Each word in the data below should be copied exactly; the images should not.

*** DATA EXTRACT ***

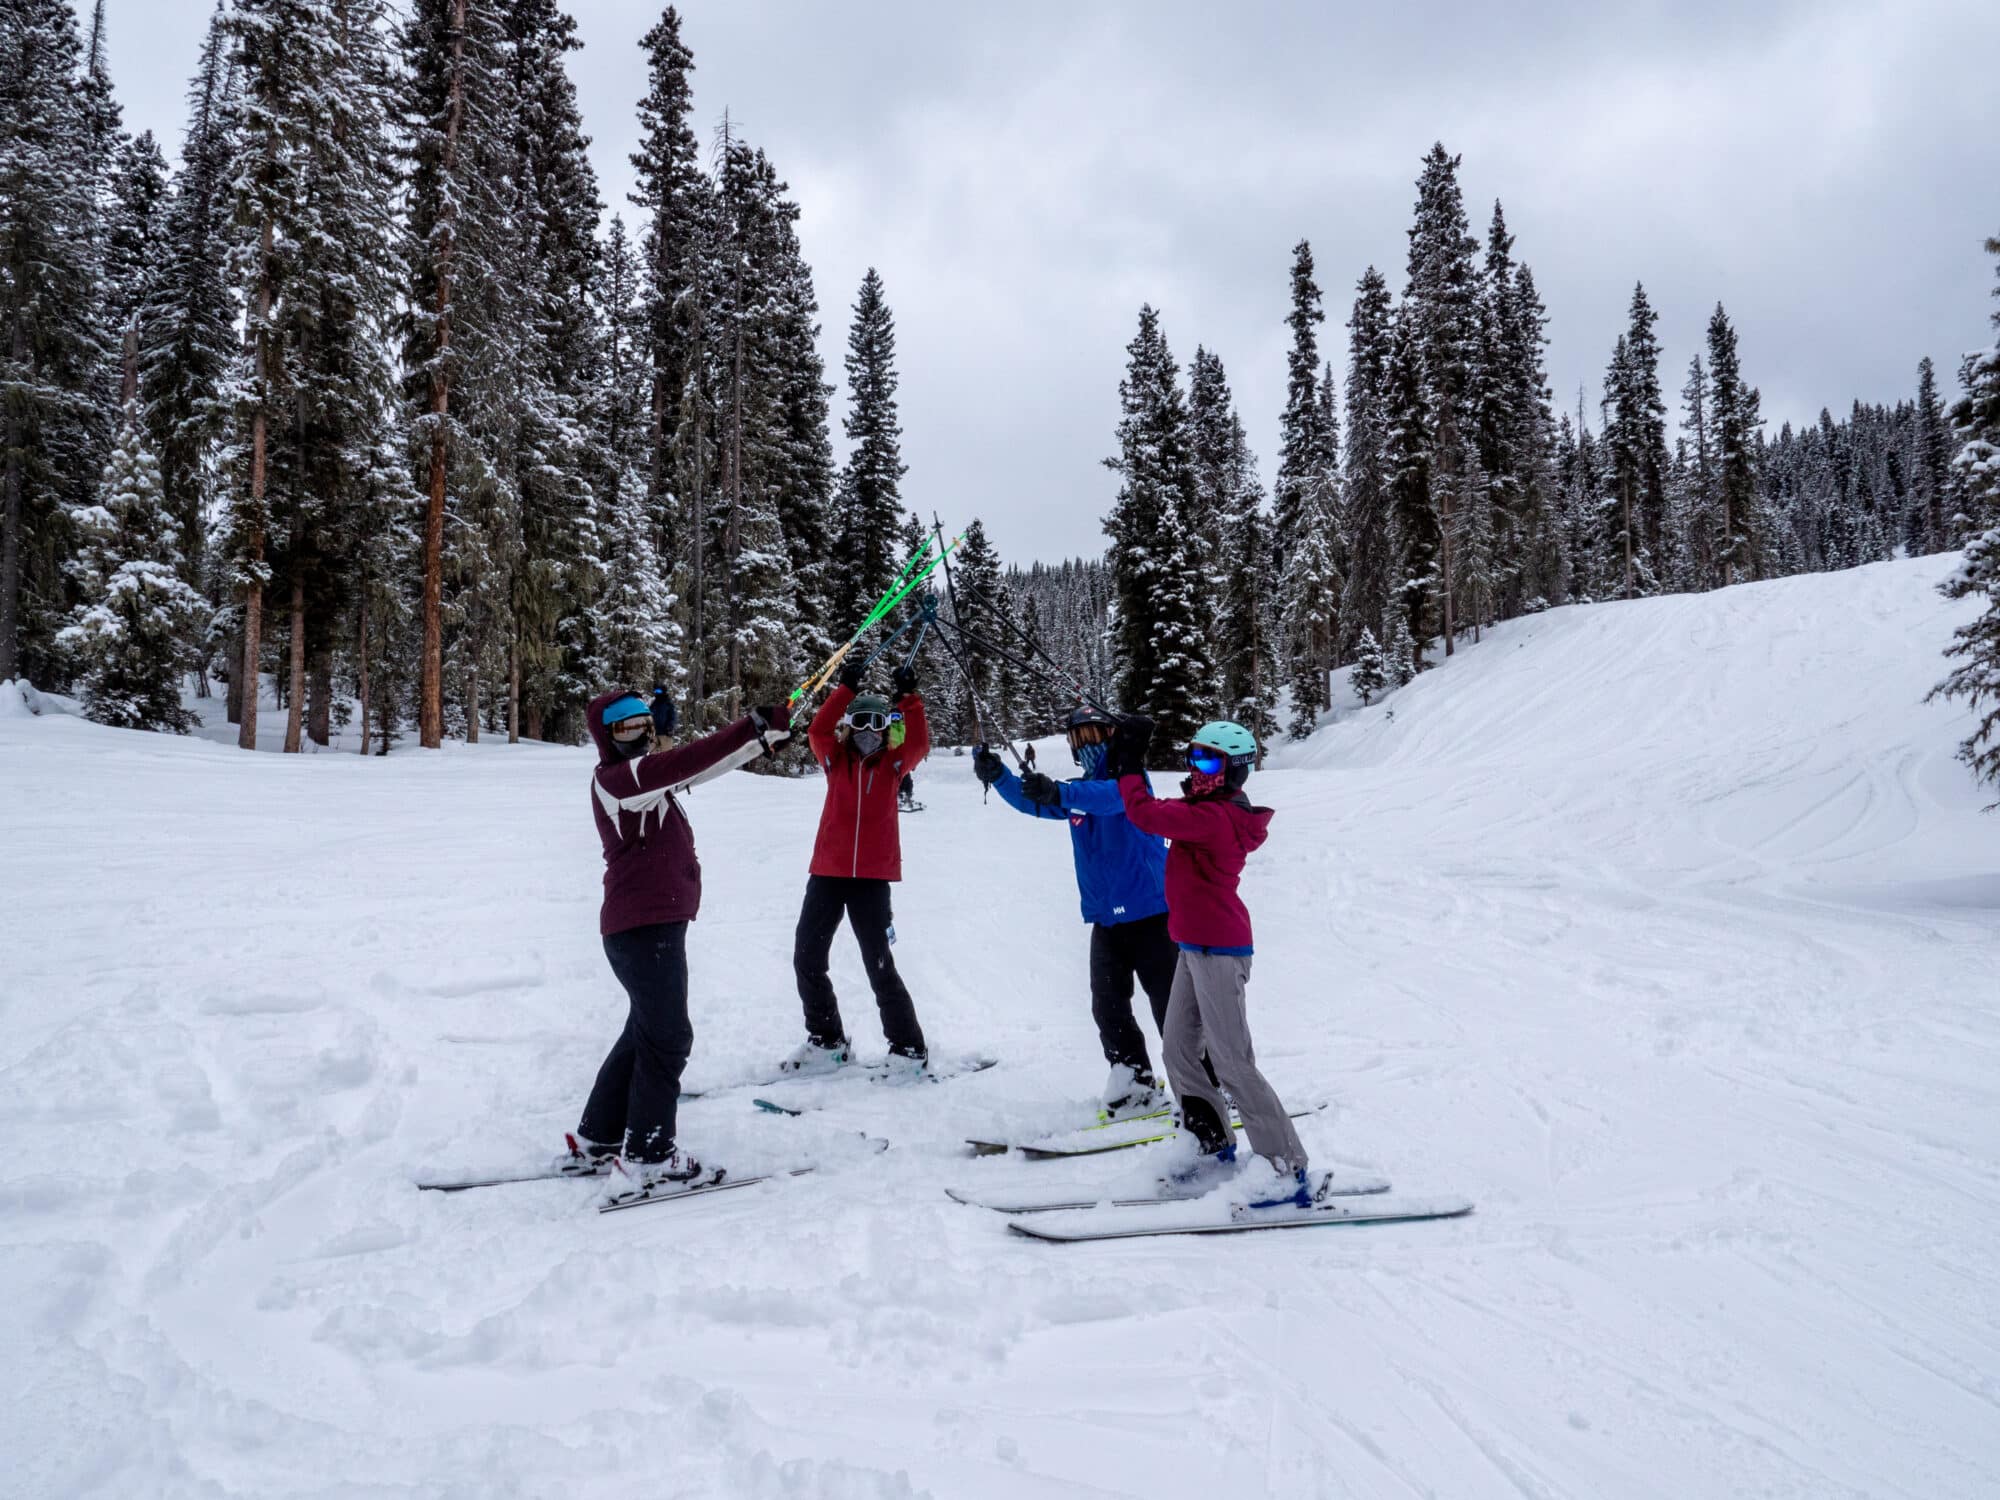 Women's ski clinic celebrates a great powder day on the mountain
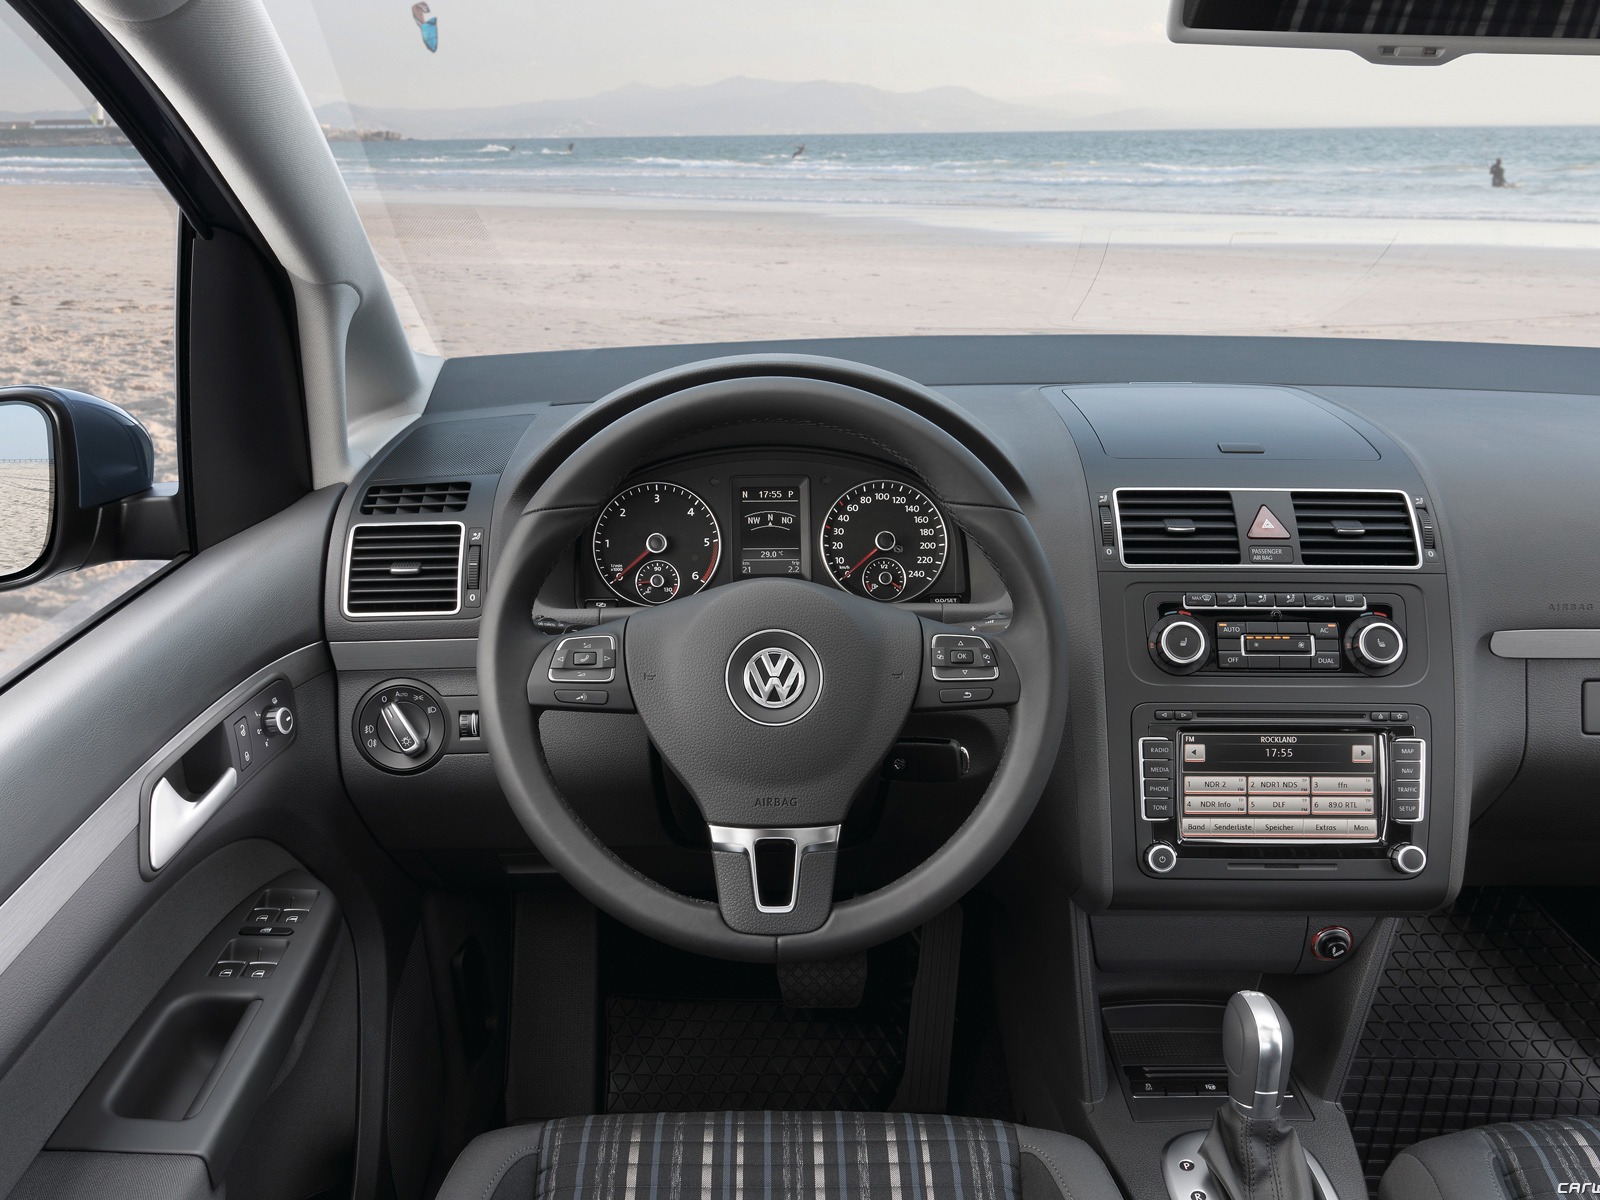 Volkswagen CrossTouran - 2010 大众14 - 1600x1200
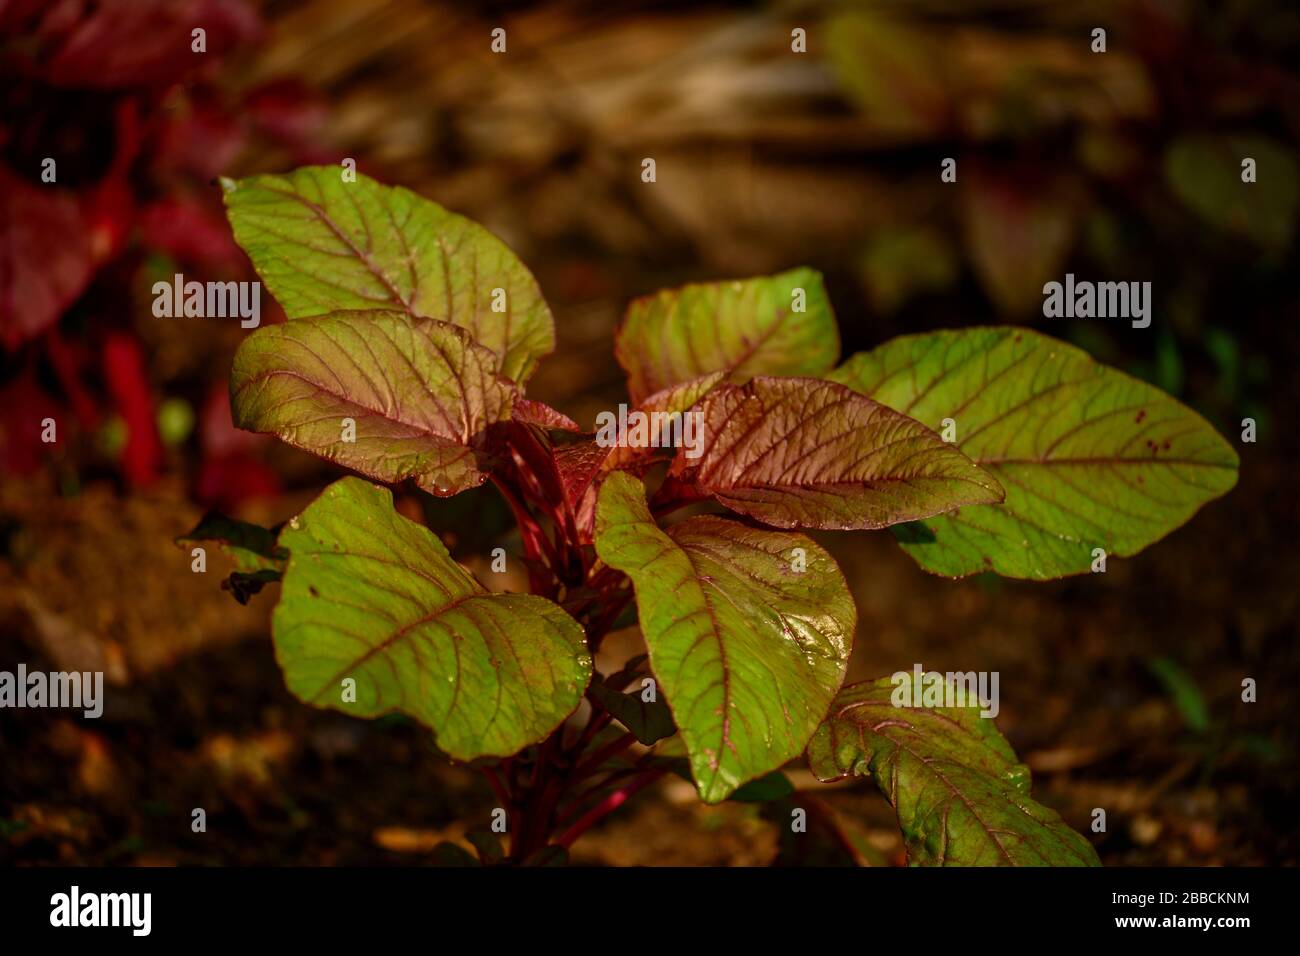 Red spinach, Amaranthus dubius, Stock Photo
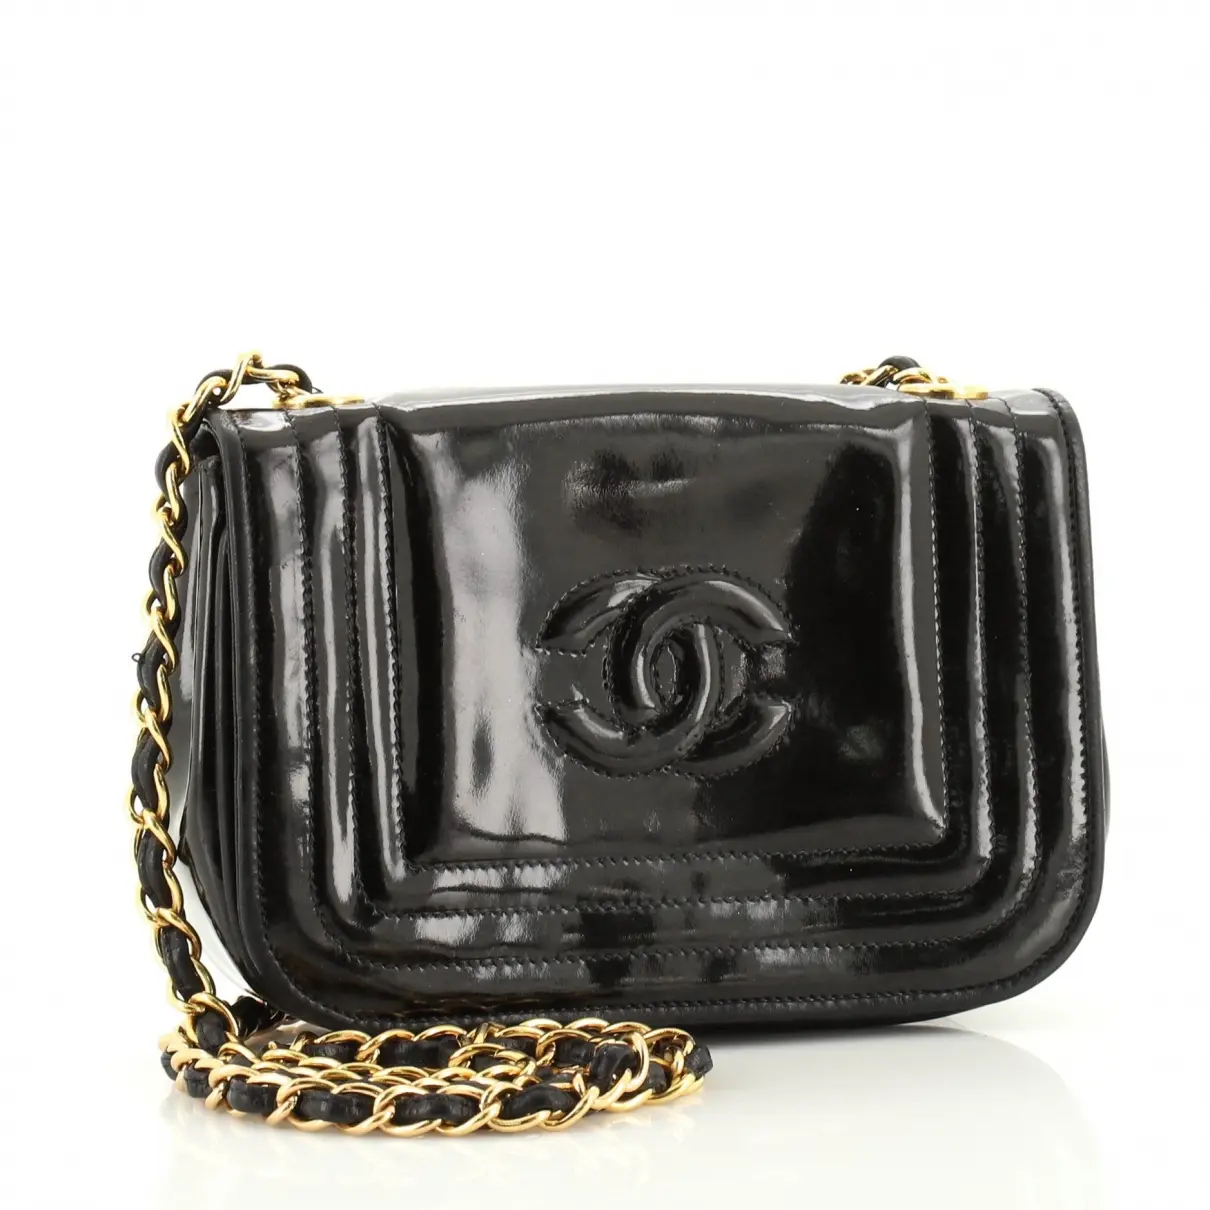 Chanel Leather handbag for sale - Vintage

*** End of DATA EXTRACT ***

#### WRITTEN REPLY:
 Women's ski clinic celebrates a great powder day on the mountain
 Volkswagen CrossTouran - 2010 大众14 - 1600x1200
 Red spinach, Amaranthus dubius, Stock Photo
 Chanel Leather handbag for sale - Vintage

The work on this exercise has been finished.